Why is there a debate between rationals and empiricals? What are the differences between those two ways of thinking?
2 Answers
See in Stanford Encyclopedia of Philosophy :
The dabate between Rationalism and Empiricism dates back, in modern times, to XVII century :
"contnental" rationalists : Descarte, Leibniz, Spinoza
"british" empiricists : Locke, Hume.
From SEP :
"The dispute between rationalism and empiricism concerns the extent to which we are dependent upon sense experience in our effort to gain knowledge. Rationalists claim that there are significant ways in which our concepts and knowledge are gained independently of sense experience. Empiricists claim that sense experience is the ultimate source of all our concepts and knowledge."

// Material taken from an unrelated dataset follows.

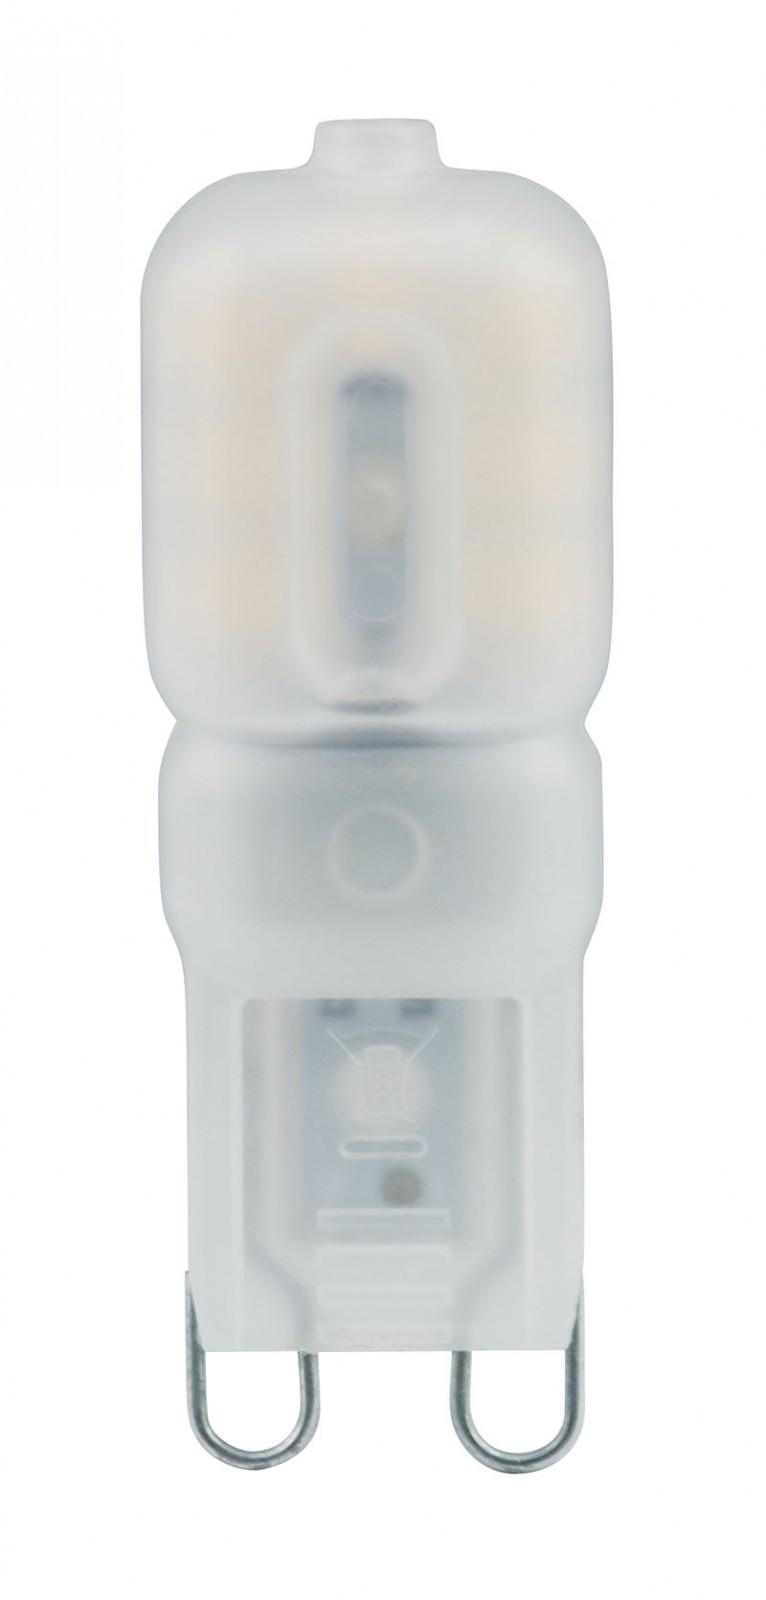 LANDLITE LED-G9/SXS-2.5W 2800K melegfehér, LED izzó

One of the key-points of rationalist theory is :
The Innate Knowledge Thesis: We have knowledge of some truths in a particular subject area, S, as part of our rational nature.
The dispute his a fundamental one in modern philosophy, and culminated in the kantian attempt to synthetize the two points of view.
In XX century, the positivist school (Mach) and neo-positivism (see Vienna School) "revamped" the empiricist point of view, but significant scientific theory, like Generative Syntax of the american linguist and philosopher of language Noam Chomsky, have argued for the necessity of postulating an "innate capability" of human mind.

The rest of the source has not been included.